*PROBLEM REQUIREMENTS*: Transcribe word for word the section of the records below that opens with the line containing "Golden Invitation Template" and closes with the line containing "Stem Decay in"; drop every picture.

*DATA PROVIDED*:
·····

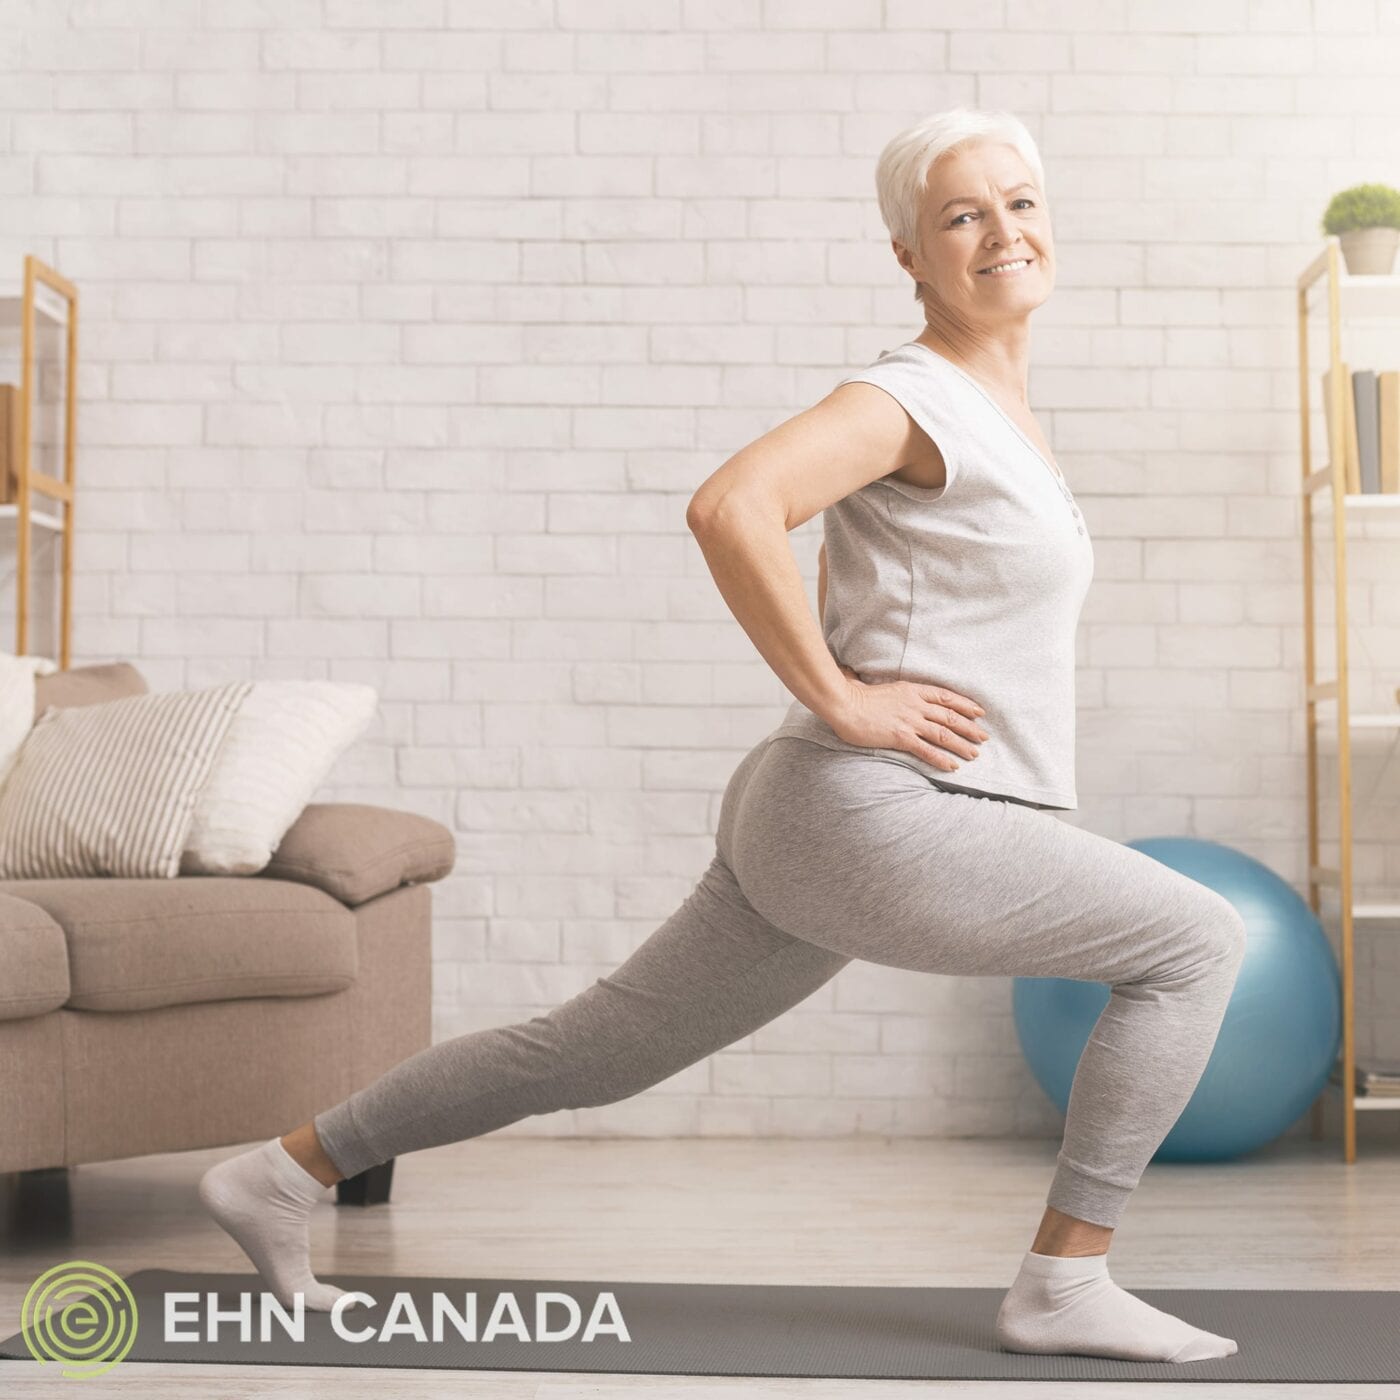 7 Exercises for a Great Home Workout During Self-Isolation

·····

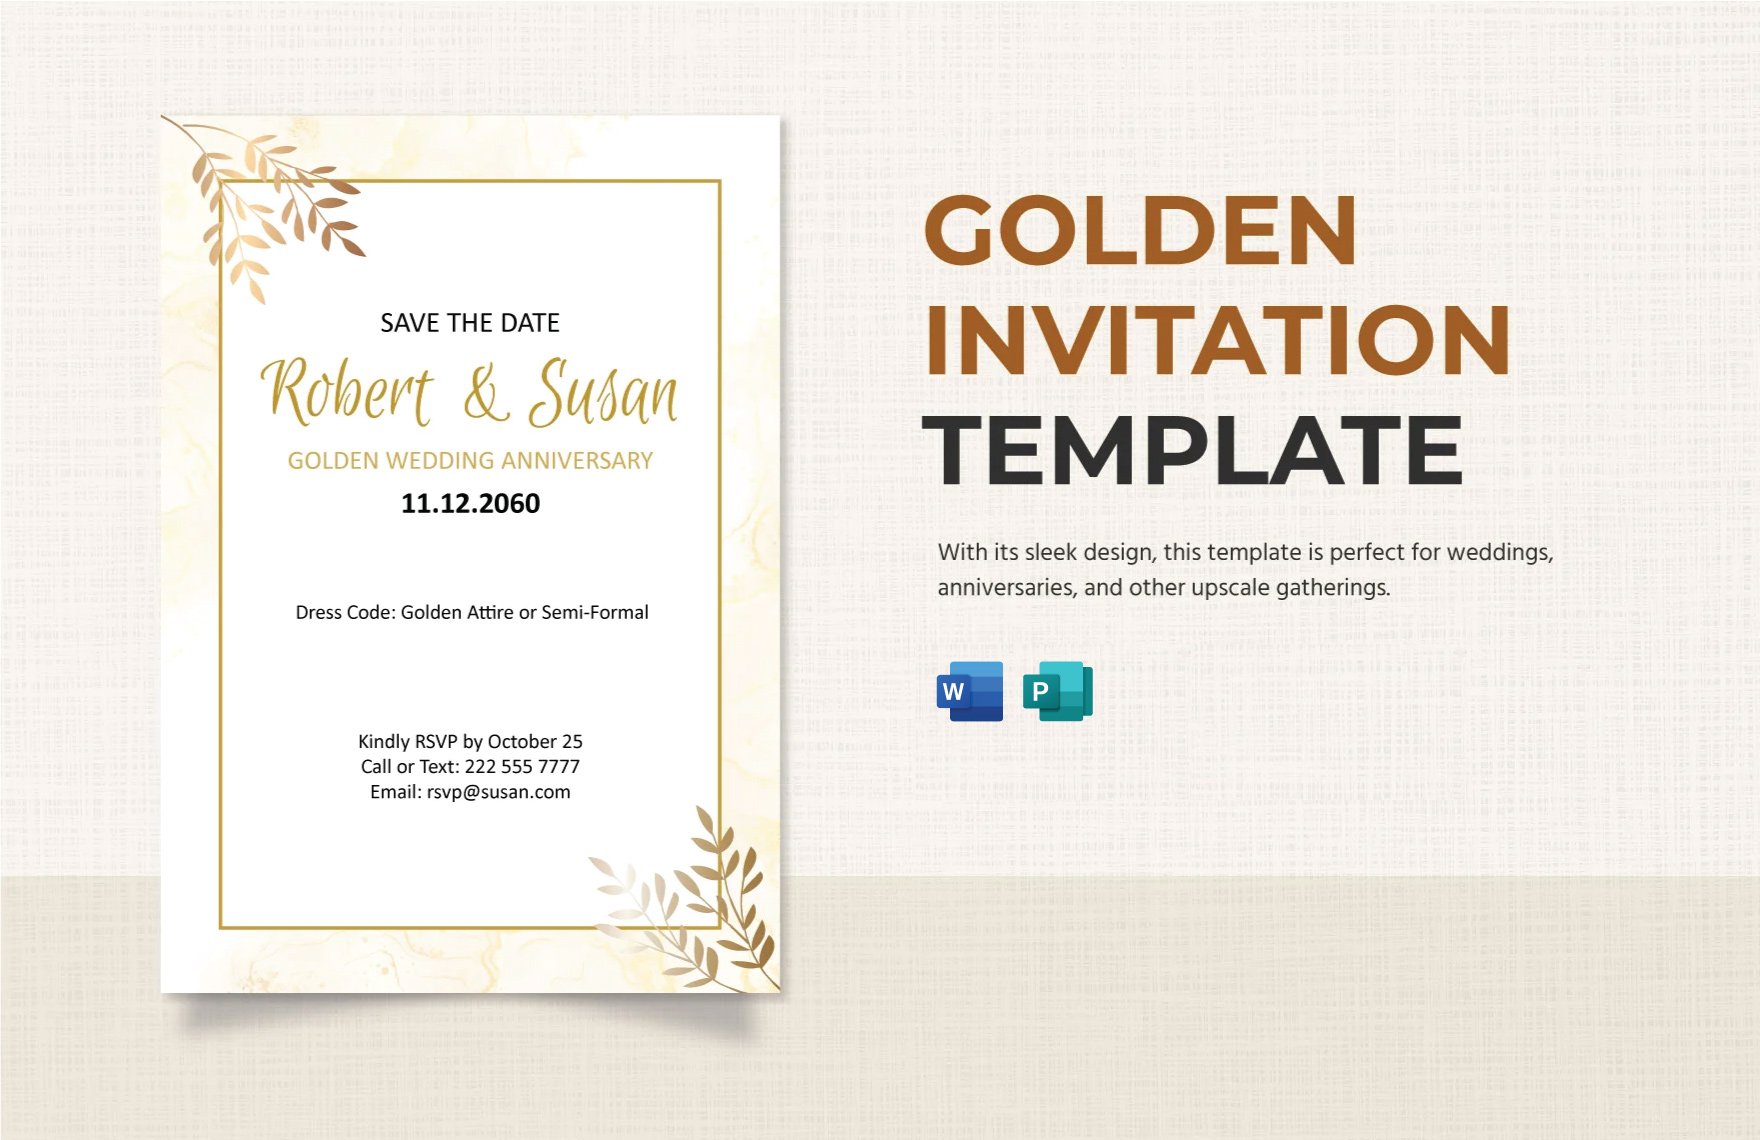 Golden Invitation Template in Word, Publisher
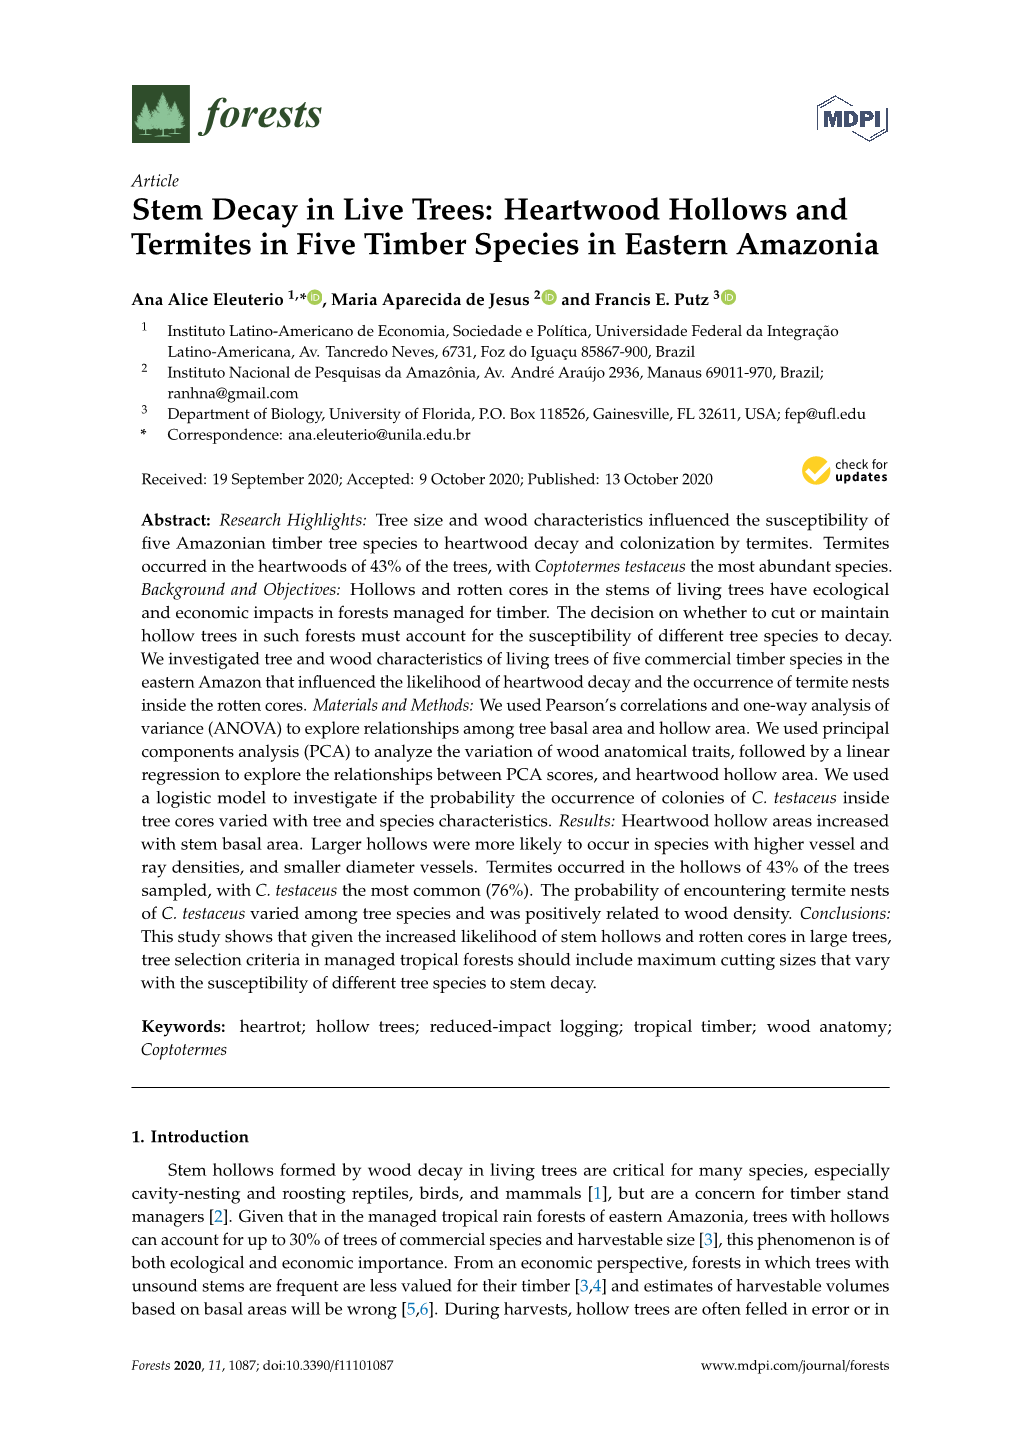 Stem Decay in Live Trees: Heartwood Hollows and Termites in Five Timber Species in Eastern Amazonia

·····

*TASK ANSWER*:
 Golden Invitation Template in Word, Publisher
 Stem Decay in Live Trees: Heartwood Hollows and Termites in Five Timber Species in Eastern Amazonia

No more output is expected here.